RITRATTO_GUERRITOREmonica

Esordisce in teatro nel 1974 a soli 16 anni con la regia di Giorgio Strehler ne Il giardino dei ciliegi e via via con  Zio Vania (Cechov) I masnadieri (Schiller) Scene da un matrimonio (Bergman) porta in scena figure femminili complesse  (Lady Macbeth, La Signorina Giulia, Madame Bovary). È stata protagonista del primo sceneggiato Rai a colori, Manon Lescaut nel 1977, e ha riscosso grande successo anche nel cinema, in film come La lupa, La bella gente e Parfums D’Alger. Come regista e drammaturga, ha scritto e diretto spettacoli teatrali di successo come Dall’Inferno all’Infinito e Mi chiedete di parlare su Oriana Fallaci, e Giovanna D’Arco che debutterà a Parigi il 1 ottobre 2020 al Theatre de la Contrescarpe nell’interpretazione di Severine Cojannot. Autorizzata dallo stesso Woody Allen, riscrive, dirige e interpreta Mariti e Mogli. Nel 2011 è stata nominata Commendatore al Merito della Repubblica Italiana per il suo impegno nel campo delle Arti e della Cultura dal Presidente Giorgio Napolitano, e Testimone della Fondazione Veronesi contro il Cancro. Nel 2014 è stata Presidente della Giuria dei Letterati del Premio Campiello. Nel 2016 Con il suo Dall’Inferno all’Infinito ha inaugurato le giornate della lingua italiana all’Accademia della Crusca. Candidata ai Nastri D’Argento 2016 come Migliore Attrice per la sua interpretazione ne La Bella Gente con la regia di Ivano de Matteo, è attualmente nei cinema con Puoi baciare lo sposo (regia di Alessandro Genovesi). Il suo ultimo libro Quel che so di lei, presentato in anteprima al Festival della Comunicazione 2019, è alla seconda  ristampa. Da ottobre 2019 è nei teatri con L’anima buona di Sezuan (di B. Brecht) nella versione scenica di Giorgio Strehler del 1981. Tributo della Guerritore al suo Maestro. È da poco uscita la serie su Francesco Totti  “Speravo de morì prima” (produzione Wildeside per Sky), dove interpreta la madre del campione, Fiorella. Monica Guerritore è ora sul set con Carlo Verdone.

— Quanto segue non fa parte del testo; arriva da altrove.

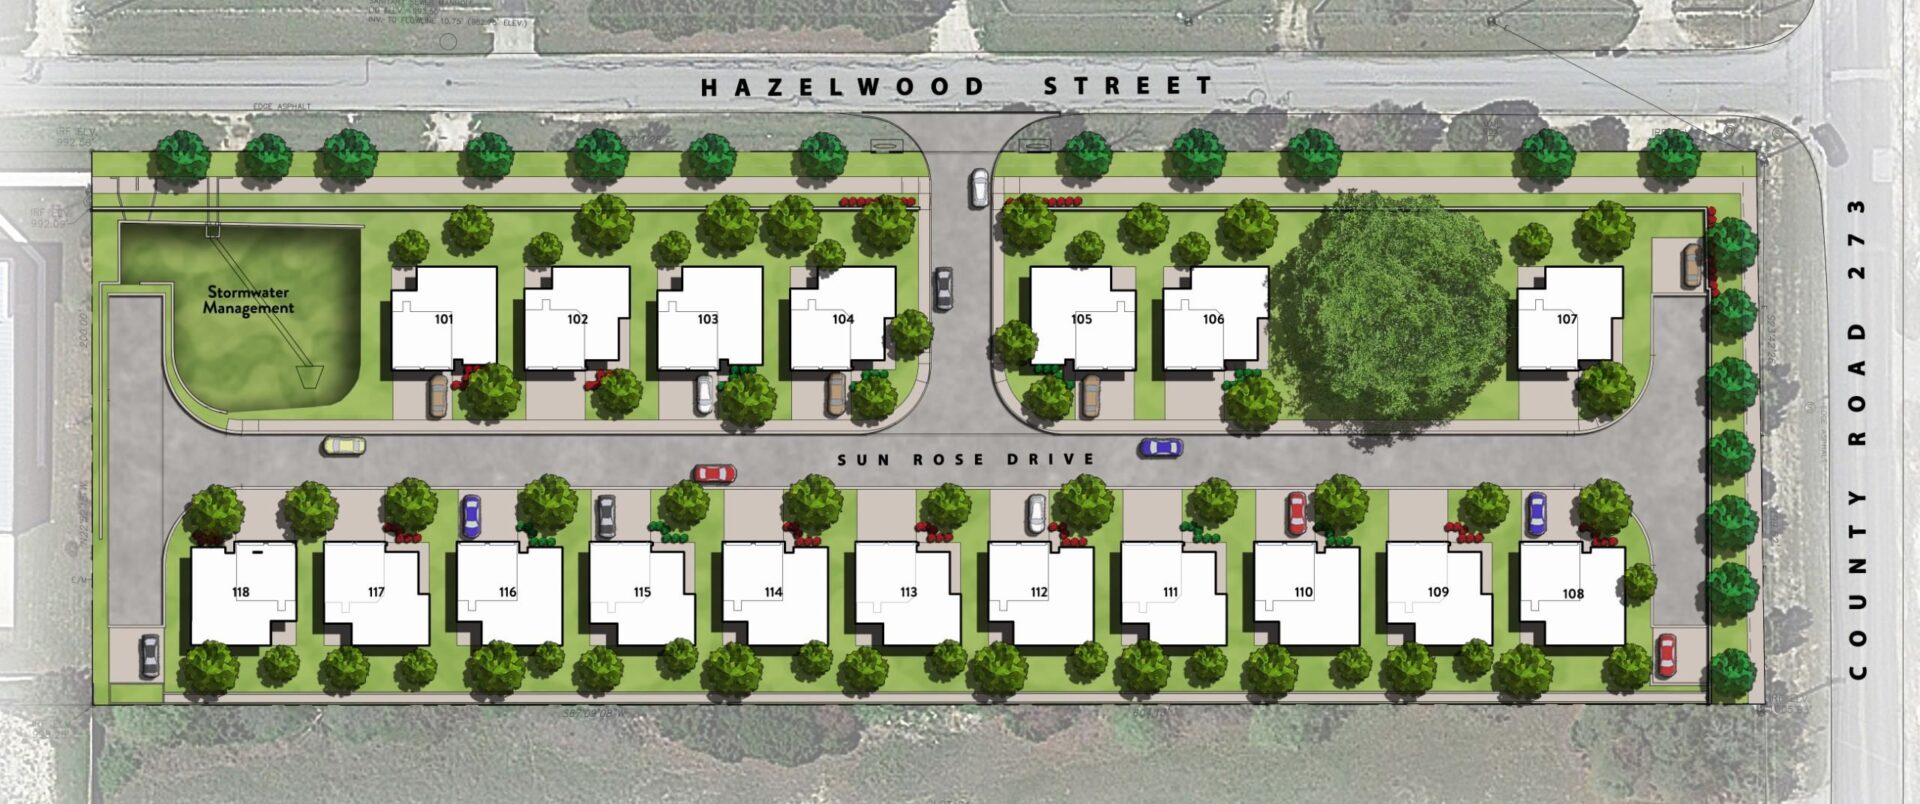 A map of the hazelwood street development.

Al Festival 2021 il suo intervento è:

venerdì 10 settembre
ore 19:00 > Piazza Colombo
Donne prigioniere di amori straordinari
Partendo dall’ispirazione di un caso di cronaca nera – il terribile femminicidio della zia di Giuseppe Tomasi di Lampedusa, Giulia Trigona, nel marzo del 1911 – Monica Guerritore ricostruisce l’ultimo frammento di vita della vittima: il lento avanzare lungo il corridoio che la donna  percorre per arrivare alla stanza 8 di un albergaccio dove, nel primo pomeriggio di un giorno piovoso di marzo, il suo ex amante l’aspetta, e dove verrà massacrata da 27 coltellate. Le porte socchiuse delle 7 stanze che precedono la numero 8 ospitano i momenti fatali, le fragilità sentimentali che hanno deviato la sua vita e verranno evocati con la passione e il furore che solo i personaggi immaginari che abitano il mondo dei sogni hanno. A dare loro corpo e voce saranno i personaggi da lei interpretati: Marianne di
Scene da un Matrimonio, Liubov Andreevna del Giardino dei Ciliegi, La Lupa, la Signorina Giulia, Emma Bovary, Oriana Fallaci-Carmen.

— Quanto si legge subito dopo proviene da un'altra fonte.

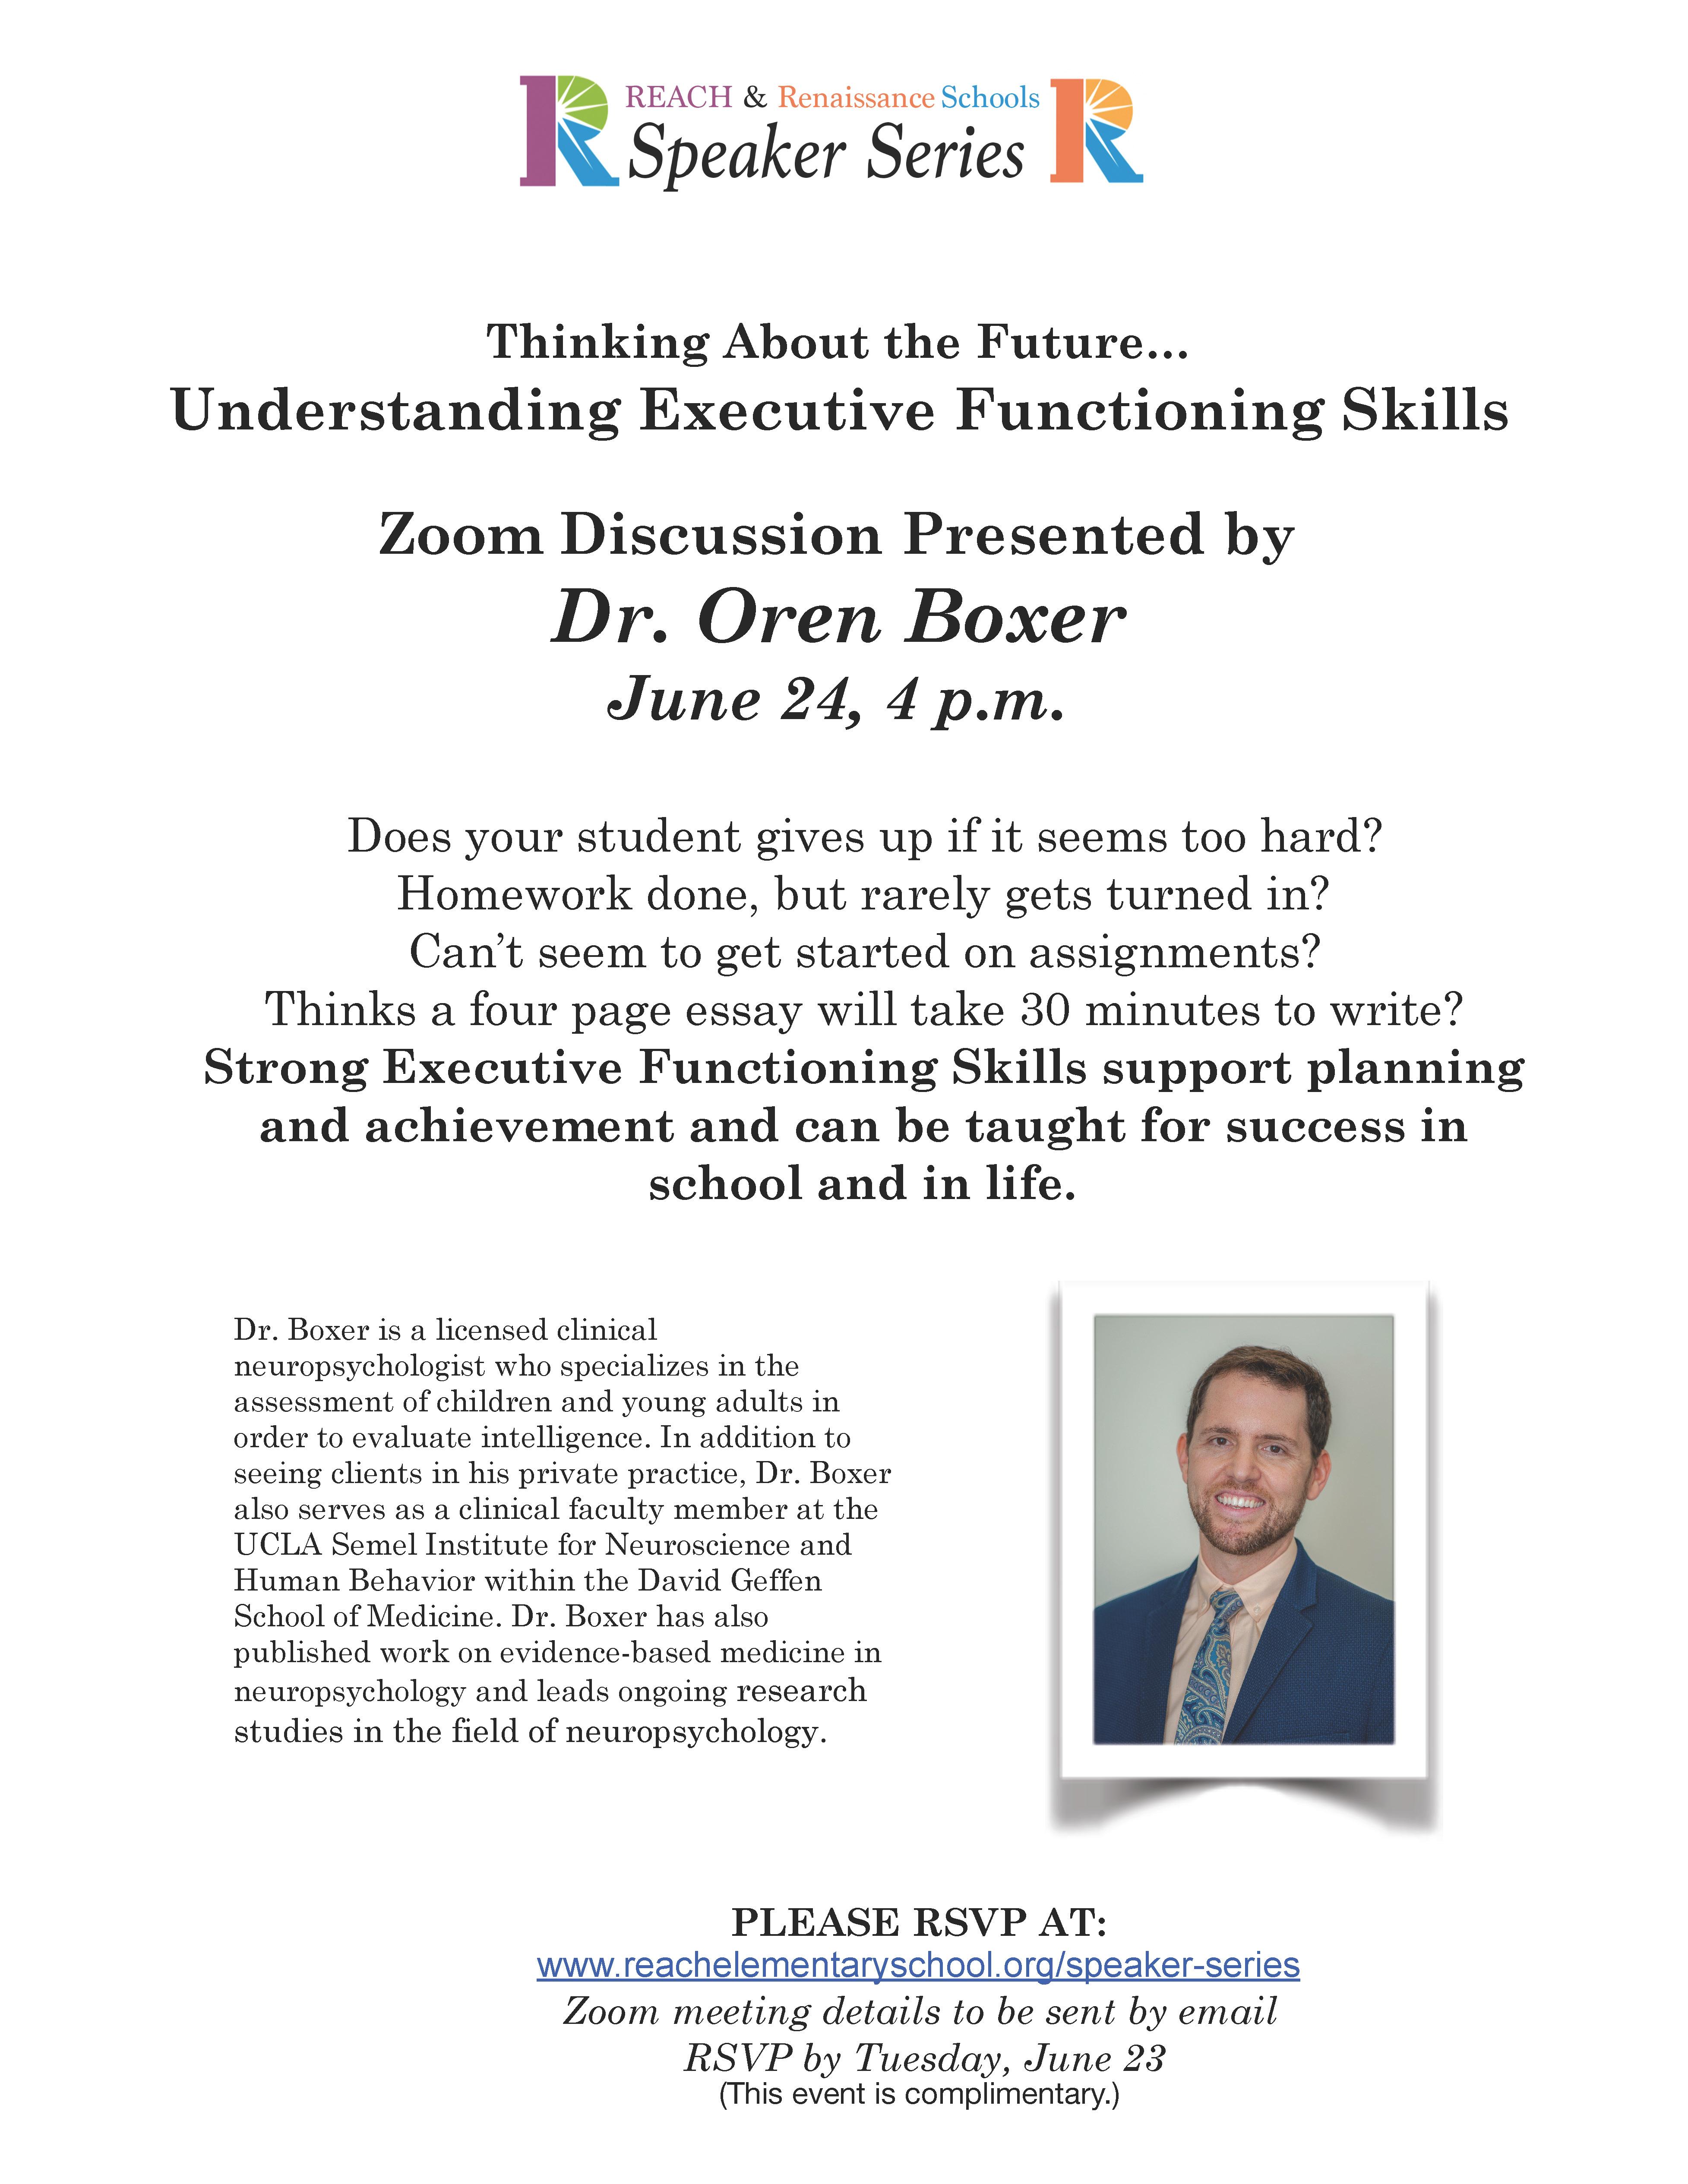 Dr. Oren Boxer Speaker Series Flyer - Understanding Executive Functioning Skills - June 24 - 4 PM

Al Festival 2020 il suo spettacolo è stato:

Dall’Inferno all’Infinito
La potente forza creativa dell’Immaginazione delle pagine di Hillmann e Citati accompagnano e forse spiegano (in parte) la discesa nel nero, nell’intima natura umana, che Dante mette in versi nei canti iniziali dell’Inferno (Divina Commedia); la sua ricerca e il suo incontro con le parti del Sé. Nelle bellissime parole di Wagner, la forza della musica (che accompagna tutta la performance) diventa motore emotivo e precede, accompagna e amplifica il tormento delle passioni amorose (Paolo e Francesca), di abbandono (La Tentazione della Valduga), di ferocia come nel canto del conte Ugolino. Di abissi naturali che portano in scena anche figure materne e paterne: Pasolini, Morante. Tutto rende la ricerca e il racconto interiore e poetico di Maestri lontani tra loro per epoca, un’unica grande anima che racconta le infinite vie della testimonianza del Sé.


Al Festival 2019 i suoi interventi sono stati:

con Elisabetta Canevini
Quel che so di lei
Una donna percorre un lungo corridoio che la porterà nella stanza n 8 di uno squallido albergo dove verrà uccisa dal suo amante. Si chiama Giulia Trigona. Ed è un efferato femminicidio alla quale la donna si consegna. Quel corridoio è la cornice del pensiero. Dalle stanze che vi si affacciano esseri disincarnati sussurrano le loro verità, specchio o eco di un percorso di solitudine, fascinazione e ribellione. Sono i racconti immutabili delle donne che raccontano le donne “che ognuna di noi porta con sé e quando li riconosce il suo cuore ha un sussulto, sono i suoi autentici ricordi (Giovanardi – La luna e i Falò – Cesare Pavese). Quello che ci proporrà Monica Guerritore in questo incontro è un viaggio di ritorno nel paese del riconoscimento. Quelle porte si dovranno chiudere (con dolcezza) su Emma, Carmen, Oriana e le altre (sono 8 archetipi femminili) per inventare racconti nuovi di donne nuove lasciando indietro il pianto e ballando sulla musicalità della vita che trova energia nella leggerezza. E l’amore in una ritrovata dolcezza.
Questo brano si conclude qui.